Risk of Recession Fuels Rise in 'HP Divorces'

There are few words in the English language which generate such a response as 'recession'.

There are few words in the English language which generate such a response as 'recession'.

The merest mention of it is calculated to cause market-hardened businessmen to quake in their shoes, Stock Exchanges to fluctuate wildly, politicians to glance nervously at their poll ratings and - lest we forget - workers to fear for their jobs, homes and families.

It is no surprise, therefore, to find the almost constant presence of the 'R-word' these days being cited as the trigger for much anxiety the world over.

Of course, financial discomfort is not necessarily the only source of whatever difficulties materialise. More usually, it exacerbates problems which may have already existed. As in business, so it is true in relationships.

Earlier this month, the Office of National Statistics (ONS) revealed that the number of divorces in 2010 was up 4.9% on the year before, the first rise since 2003.

As one of my colleagues, Fiona Wood, detailed in her considered response to the data's release, the figures illustrated the first sizeable tranche of marital woes as a result of the 2008 recession rather a more instantaneous rash of separations.

However, more than the volume of couples in England and Wales deciding that their marriages are so damaged that divorce is the only option, we have detected a new trend in the way that couples are breaking up and it's a pattern which has been influenced not by the toll from actual recession but the risk of what might be just around the corner if gloomy economists are proved to be correct.

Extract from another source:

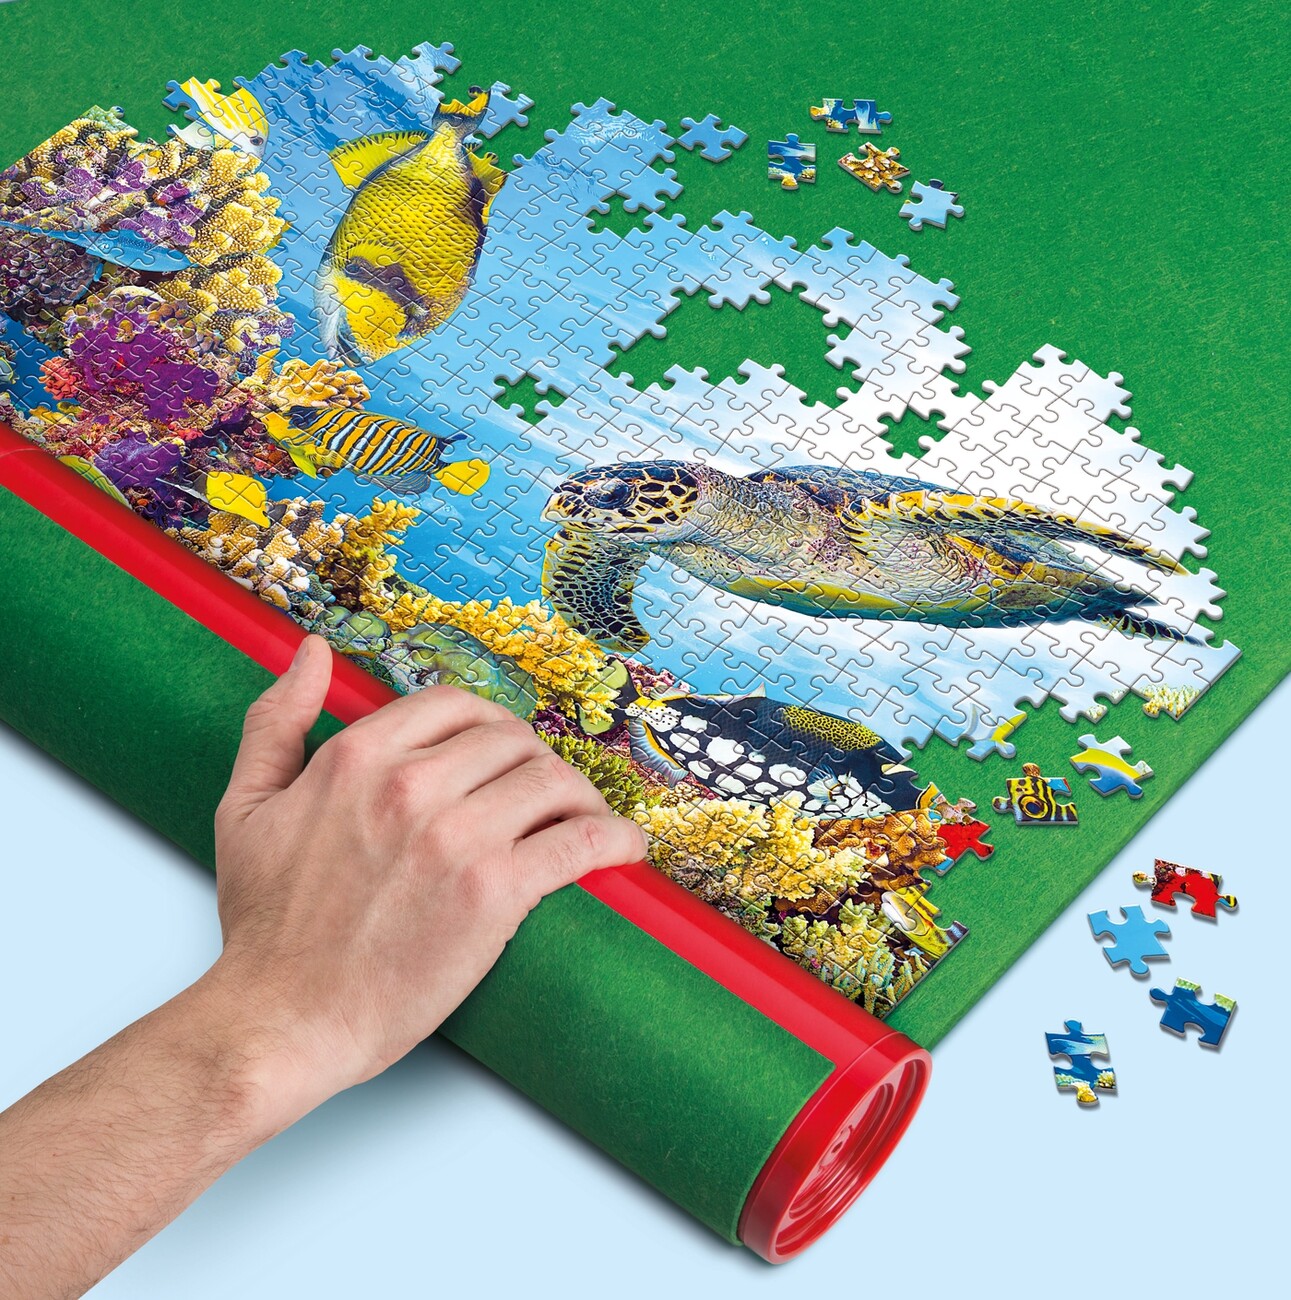 Clementoni Tapete mantel manta para Puzzle de 500 1000 2000 piezas Color  Verde - AliExpress, tapete para puzzle

From the broad range of divorce work handled by Pannone and other Family law solicitors and barristers across the country, it has become apparent that considerably more couples are agreeing to so-called 'HP divorces' rather than one-off 'clean breaks'.

By that, I mean those separations which end in maintenance or 'clean break' sums made in instalments rather than single payments.

The number of such cases is up 50% compared to when the last recession struck three years ago. The 2008 downturn followed a period of sustained economic prosperity when spouses having to pay for divorce settlements were more able to get their hands on sufficient money to make a single clean break payment, either from savings, by borrowing or relying on bonuses.

It has become clear to us, though, that many more people simply cannot afford to do that now. Increased difficulty in borrowing money to fund one-off divorce settlement payments coupled with growing job insecurity are all being cited as factors.

It's not as though such a development is common to every single case. There are individuals who are still wealthy enough to give a single lump sum to their ex-husband or wife but it seems that most are not so fortunate.

Whereas some might have interpreted husbands' attempts to suggest straitened financial circumstances several years ago as simply an attempt to reduce the sum they might ultimately end up paying, this time around it's far more likely to be true given the way that almost every business sector and every family have been touched by cutbacks.

Maintenance does offer the possibility of revision at a later date. That is only likely to happen, though, if there is a clear and very significant change of circumstances in the fortunes of those former spouses required to pay maintenance.

Whilst the new pattern we are reporting is already making itself felt on the manner or method of divorce settlements being made, any hope that plunging into the recessive abyss will undermine the 'wife-friendly' perception of courts in England and Wales in the future is likely to be disappointed.

Even though we may see a check on the number of large, headline-making clean break settlements, the case law established in previous big-money divorces is not going to be overturned or ignored by the courts because of the potential personal consequences of anxieties on the money markets translating into another full-blown recession.